Brent C. MILLER, Charles M. Rand, and Miller and Rand, P.A., Appellants,
v.
JACOBS AND GOODMAN, P.A., Appellee.
No. 93-2068.
District Court of Appeal of Florida, Fifth District.
July 15, 1994.*1089 John B. Liebman and Lisa Cvetic of O'Neill, Chapin, Marks, Liebman, Popper & Cooper, Orlando, for appellants.
Michael R. Levin and Christopher T. Hill of Rumberger, Kirk & Caldwell, Orlando, for appellee.
DIAMANTIS, Judge.
Brent C. Miller, Charles M. Rand, and Miller and Rand, P.A., appeal a non-final order denying their motion to dissolve a preliminary injunction.[1] We affirm.
The present controversy involves the provisions of an employment contract which appellants, as associates, entered into with the appellee law firm regarding the allocation of fees generated from clients of the law firm who elected to be represented by appellants when they left the law firm. The contract allocated 75% of the fees to appellee and 25% to appellants.
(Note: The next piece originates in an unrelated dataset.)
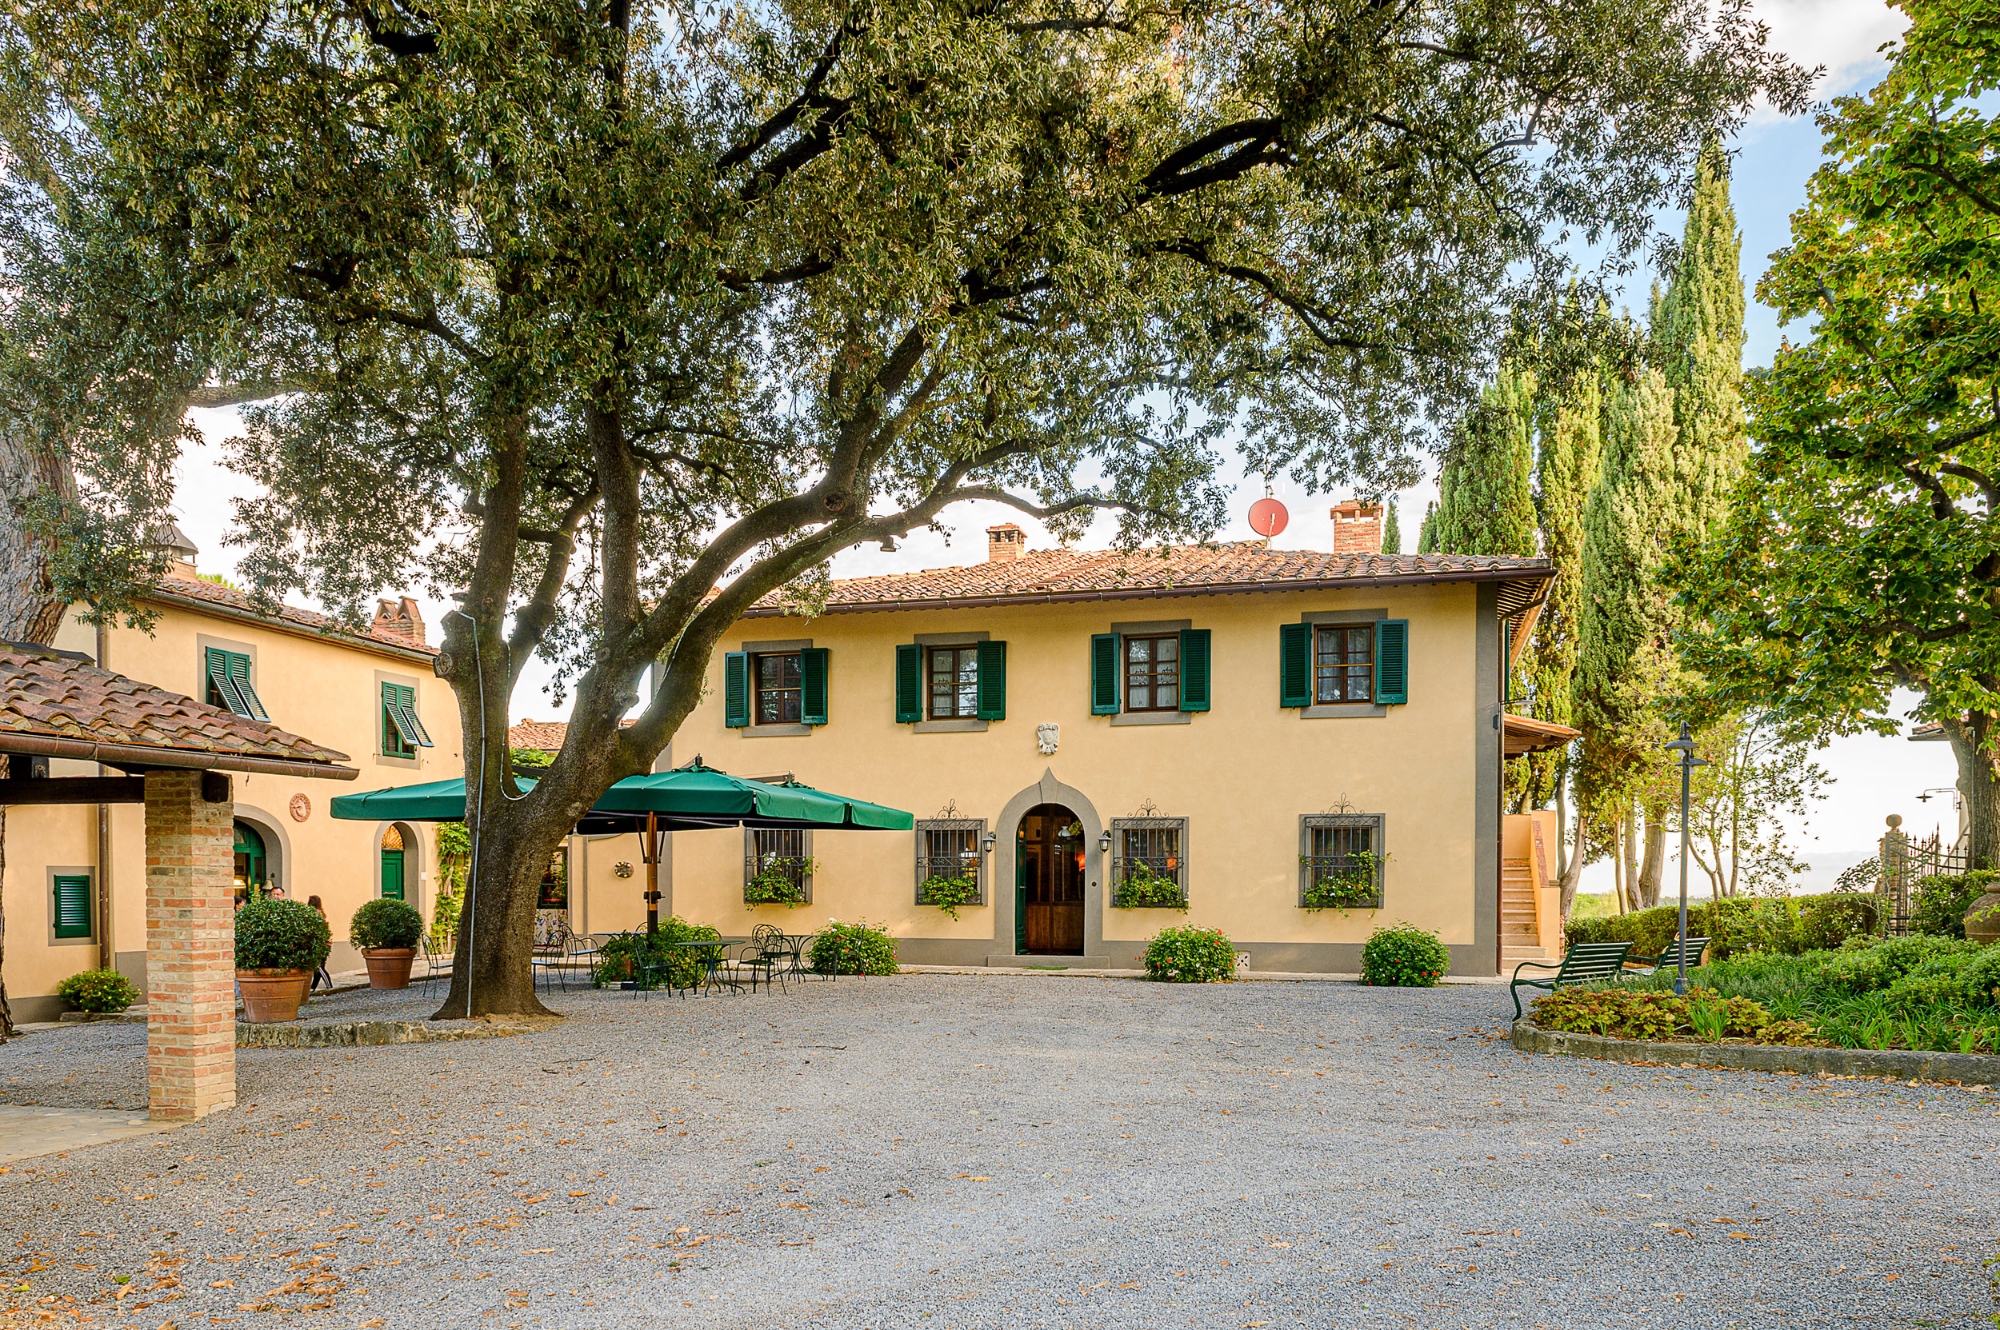 Villa Delia Hotel in Tuscany

Initially, the trial court, after a contested hearing, entered a preliminary injunction requiring that appellants and appellee be copayees of all the fees and that the fees be deposited in a bank account under joint control. No appeal was taken from this order.
Four months later, appellants moved to dissolve or modify the injunction, and the trial court entered an order which modified, but did not dissolve, the injunction. Appellants did not appeal this decision.
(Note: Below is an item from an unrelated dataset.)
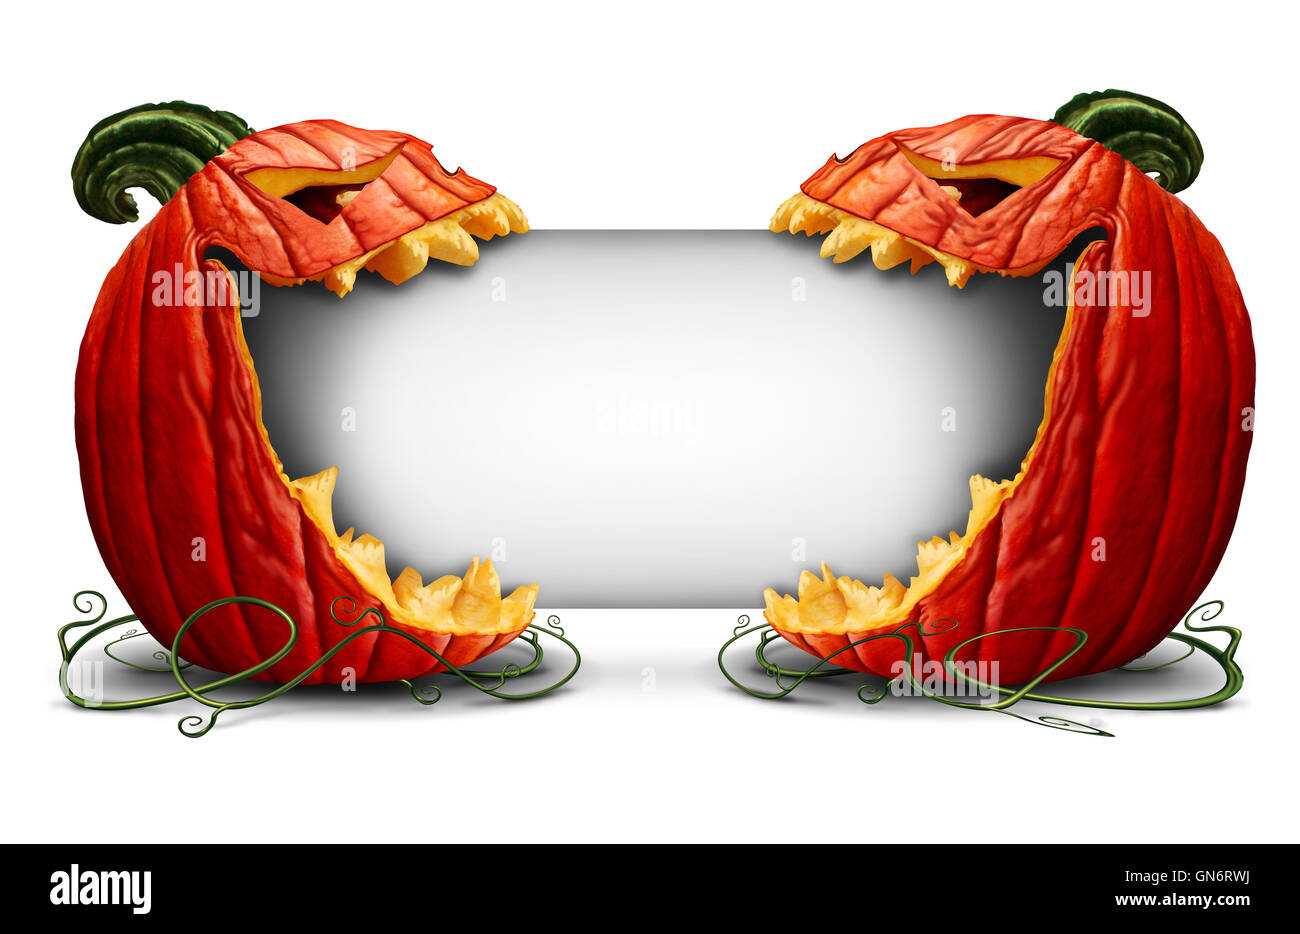 Halloween jack o lantern blank sign avec deux citrouilles personnages sur une vue de côté de mordre dans une carte blanche comme symbole pour l'automne et l'automne communication festive avec 3D illustration éléments. Banque D'Images

Seven months later, appellants filed a second motion to dissolve or modify the injunction, and the trial court entered an order which again modified the preliminary injunction. This order provided that 25% of the fees would remain subject to joint control and that the remaining 75% of the fees would be divided among the parties, with 18.75% to appellants and 56.25% to appellee. No appeal was taken from this modification order.
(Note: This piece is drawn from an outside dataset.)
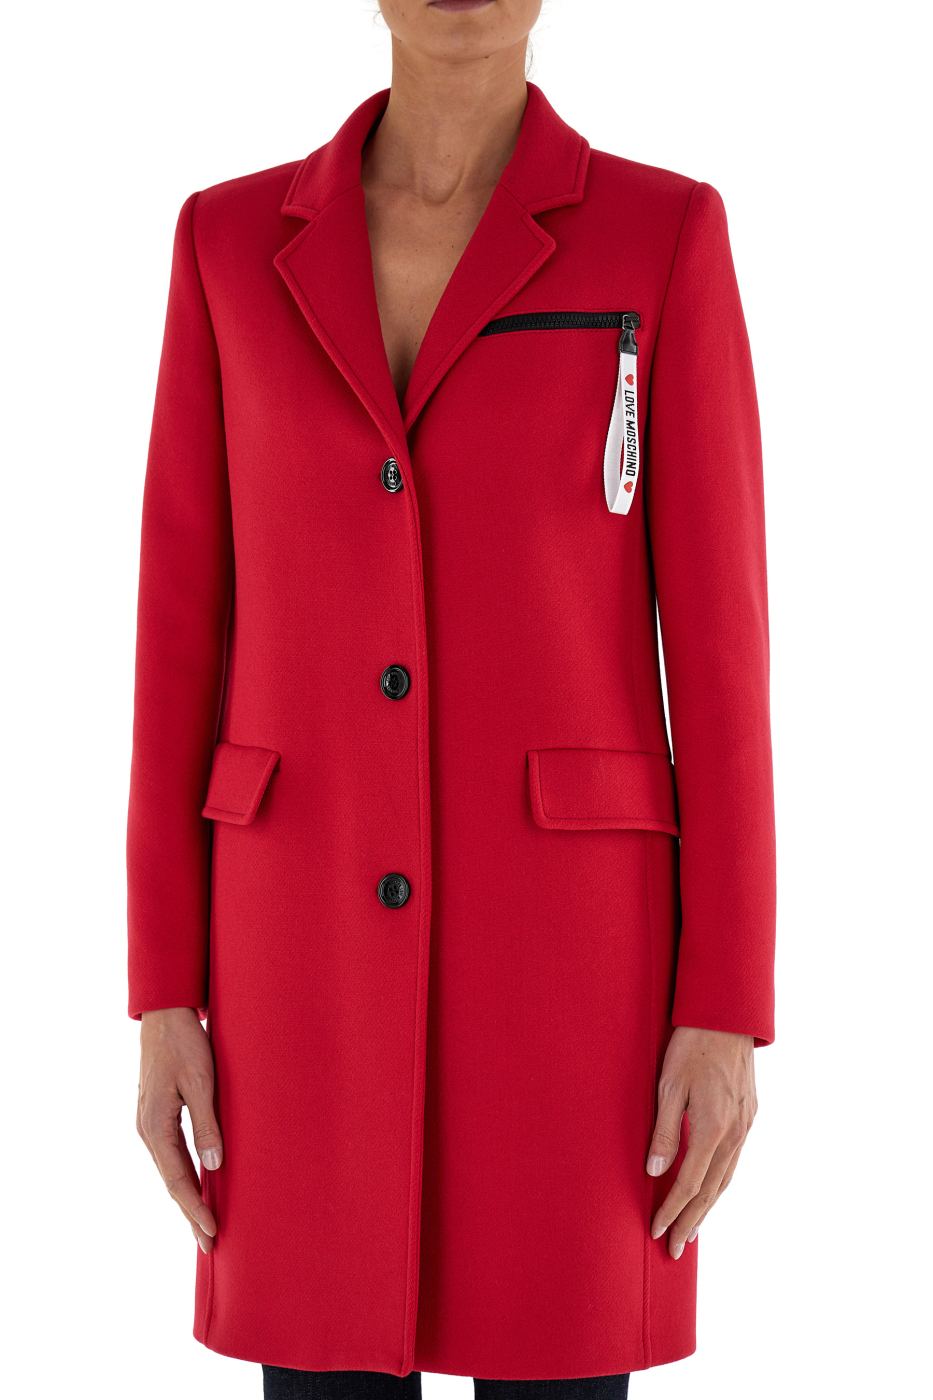 LOVE MOSCHINO abrigo colol rojo con bolsillo de cremallera en logo

Two months later, appellants filed a third motion to dissolve or modify the preliminary injunction. The trial court denied the motion, and this appeal timely followed.
The trial court properly denied appellants' third motion to dissolve or modify the preliminary injunction because all of the matters which appellants raise in their motion either were raised or could have been raised (1) in the contested hearing regarding the request for imposition of the initial preliminary injunction; (2) in the hearings regarding appellants' prior motions to modify or dissolve the injunction; and (3) in a direct appeal from any of these orders. Specifically, the matters which appellants raise in their third motion involve issues of immediate and irreparable injury, adequacy of any remedy at law, and the substantial likelihood of success on the merits which, in turn, involve questions regarding the validity and enforceability of the provisions of the parties' contract. See Darden v. Police & Fire Civil Service Board, 423 So. 2d 543 (Fla. 4th DCA 1982). See also Shadow Lakes Woods, Inc. v. Schneider, 414 So. 2d 3 (Fla. 5th DCA 1982). Compare Orlando Orange Groves Co. v. Hale, 107 Fla. 304, 144 So. 674 (1932), Employee Benefit Plans, Inc. v. Radice Corporate Center I, Inc., 593 So. 2d 1125 (Fla. 4th DCA 1992), and Pinellas County v. Seminole *1090 Lake Country Club Estates Homeowners Ass'n, 555 So. 2d 883 (Fla. 2d DCA 1989),[2] each of which allowed a defendant to challenge, in a motion to dissolve a preliminary injunction and on appeal from the denial of the motion, the sufficiency of the pleadings to justify the injunction. In these cases, the preliminary injunction apparently was obtained ex parte or without notice, and the defendant's first opportunity to raise such matters was in the motion to dissolve the injunction.
Accordingly, we affirm the trial court's order without prejudice to the parties to raise, at a final hearing on the merits, any appropriate matter encompassed within the pleadings.
AFFIRMED.
HARRIS, C.J. and GOSHORN, J., concur.
NOTES
[1] Appellate review of this order is authorized by rule 9.130(a)(3)(B) of the Florida Rules of Appellate Procedure.
[2] Appellants' reliance on Coastal Unilube, Inc. v. Smith, 598 So. 2d 200 (Fla. 4th DCA 1992), is misplaced because that case involved an appeal from an order dissolving a preliminary injunction and the appellate court, in reversing the trial court's order, considered the evidence received at the original hearing as well as the additional or new testimony presented at the dissolution hearing.